_Exercise goal_. Your answer must be the exact lines below, starting with the line with "Single Face Satin" and going on through the line with "Teenage Mutant Ninja", both included, with no pictures.

-------- Data section

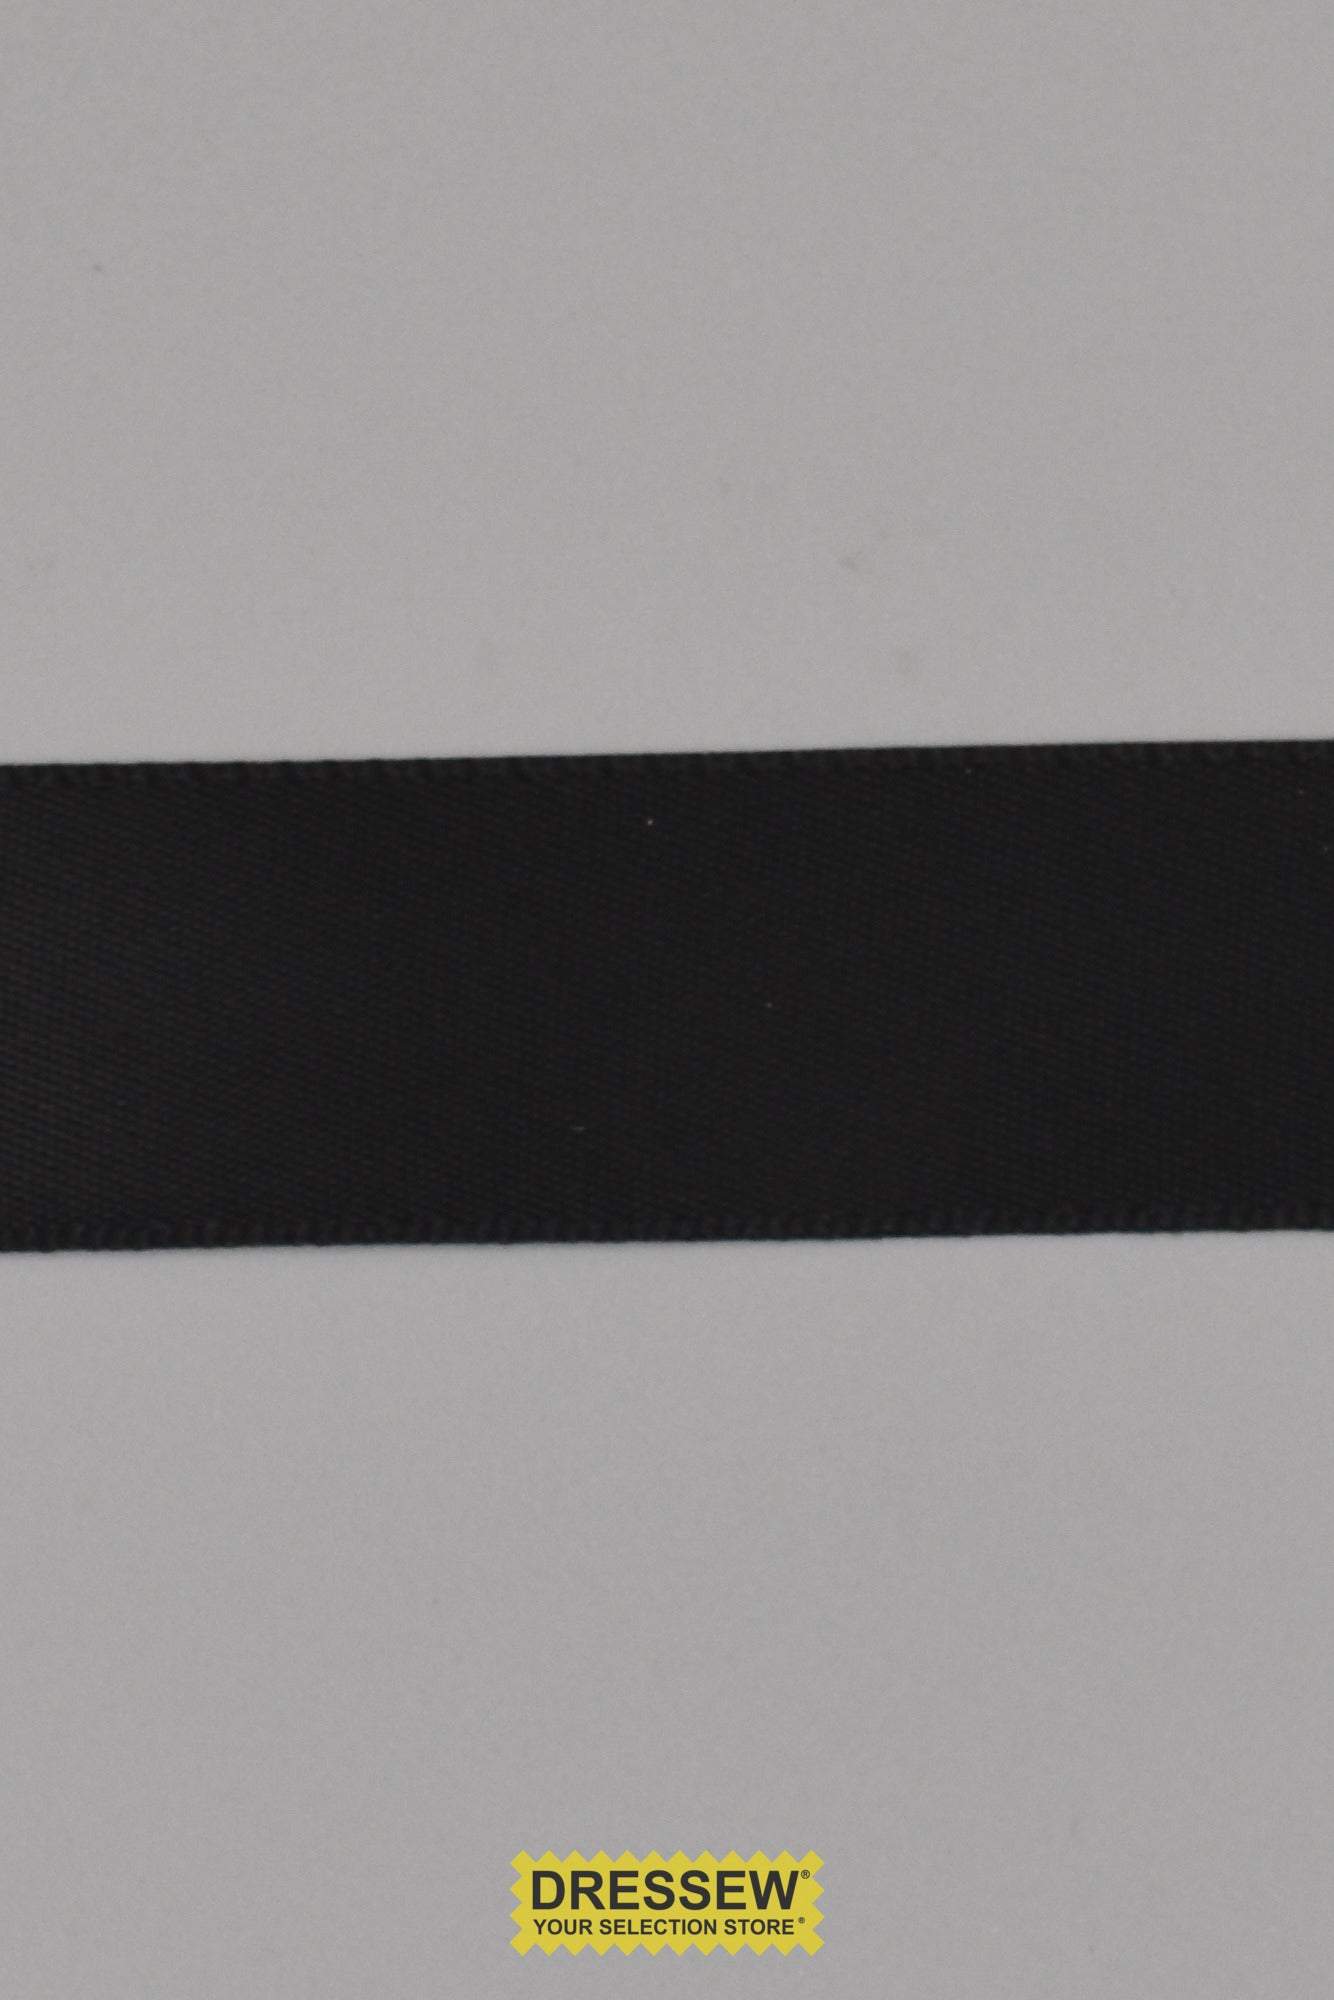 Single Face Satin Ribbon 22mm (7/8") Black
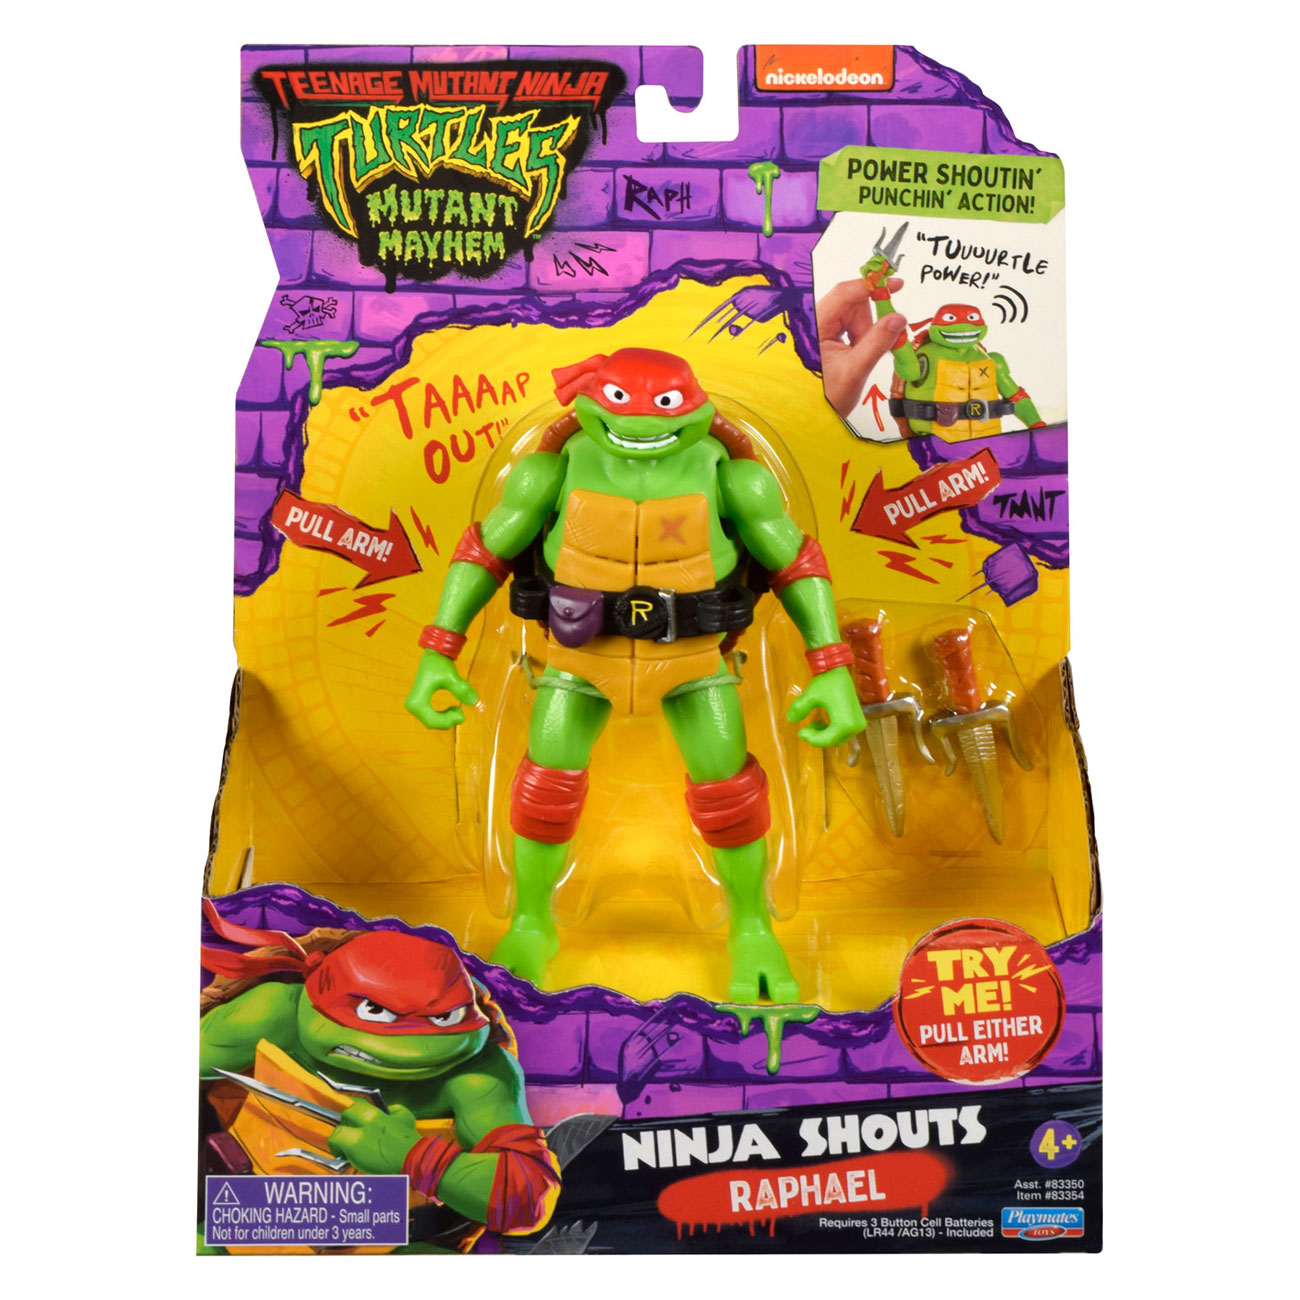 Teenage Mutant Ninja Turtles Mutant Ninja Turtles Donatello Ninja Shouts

----------------
-------- Data section

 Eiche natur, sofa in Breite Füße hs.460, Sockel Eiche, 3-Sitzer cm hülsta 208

----------------
-------- Data section

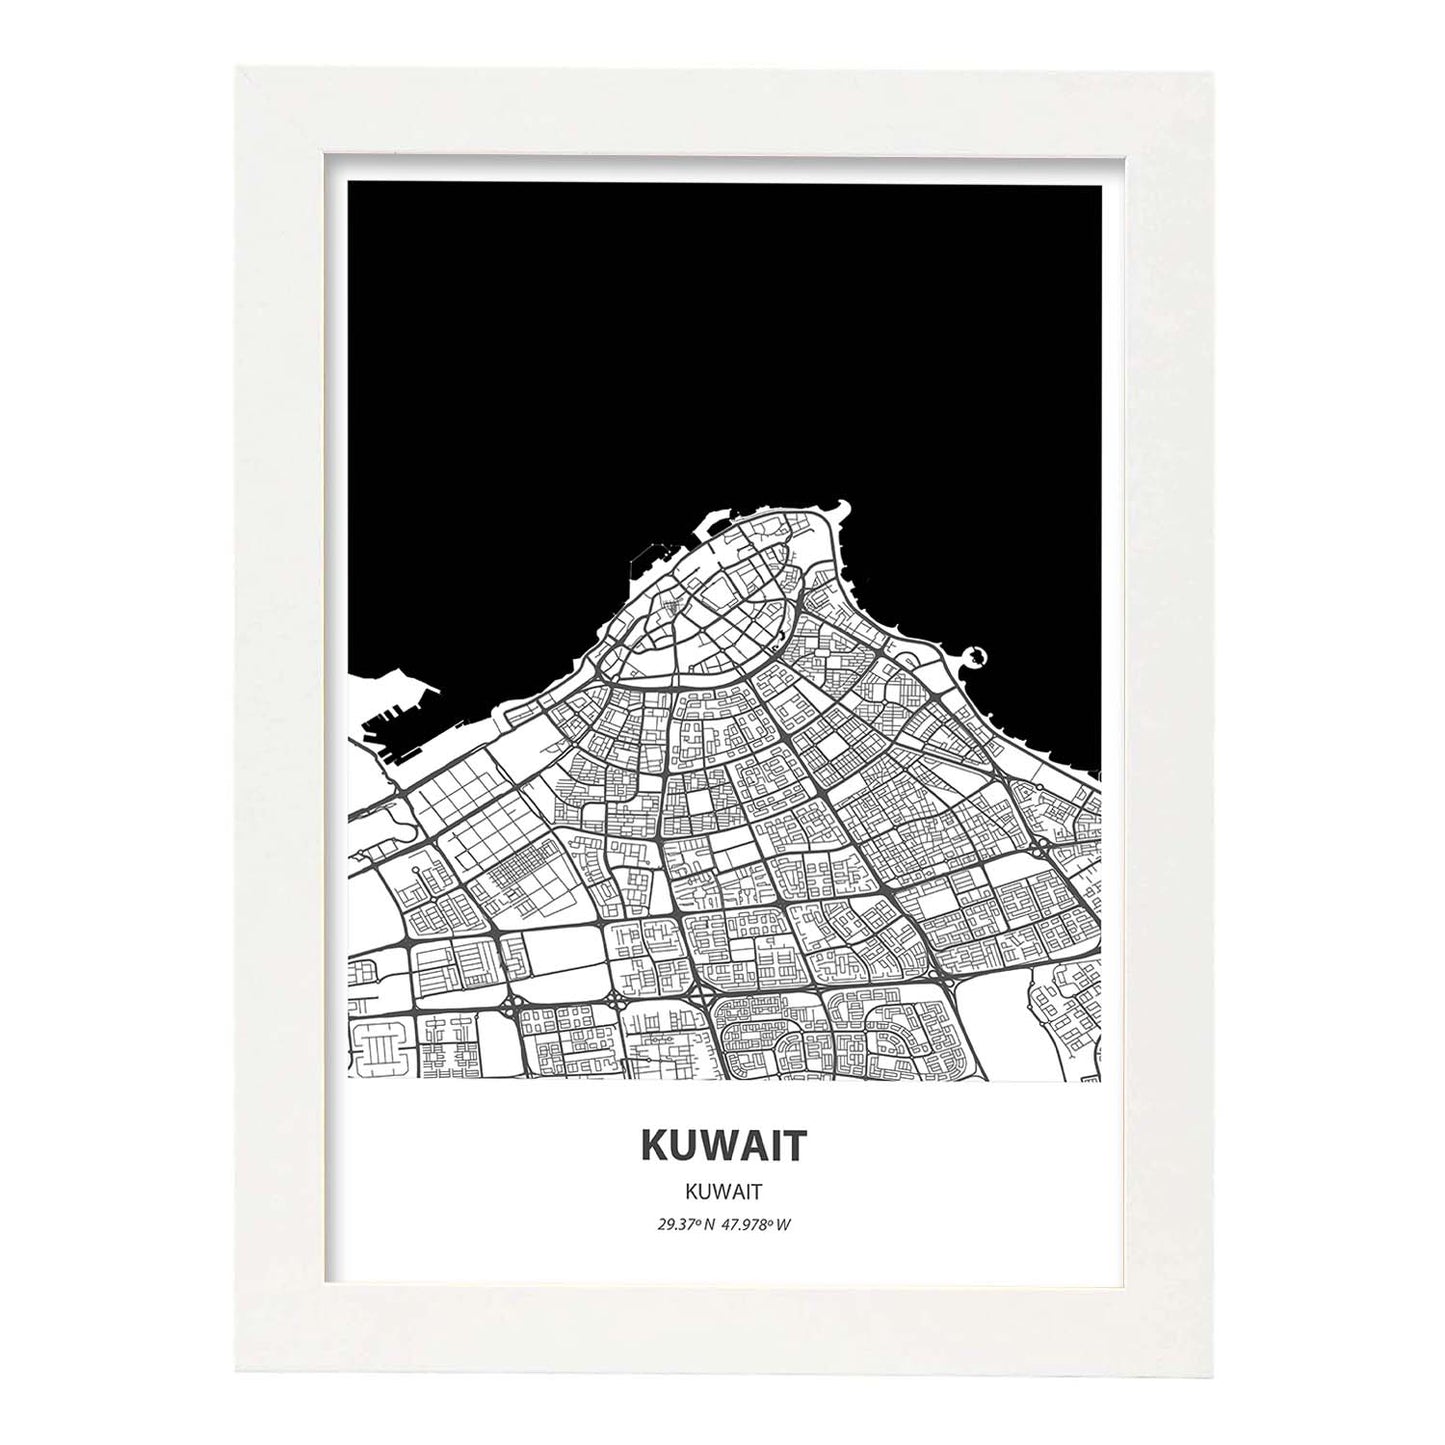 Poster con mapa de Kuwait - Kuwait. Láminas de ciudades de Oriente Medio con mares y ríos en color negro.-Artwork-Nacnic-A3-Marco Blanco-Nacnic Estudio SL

----------------

_Response to the exercise_.
 Single Face Satin Ribbon 22mm (7/8") Black
 Teenage Mutant Ninja Turtles Mutant Ninja Turtles Donatello Ninja Shouts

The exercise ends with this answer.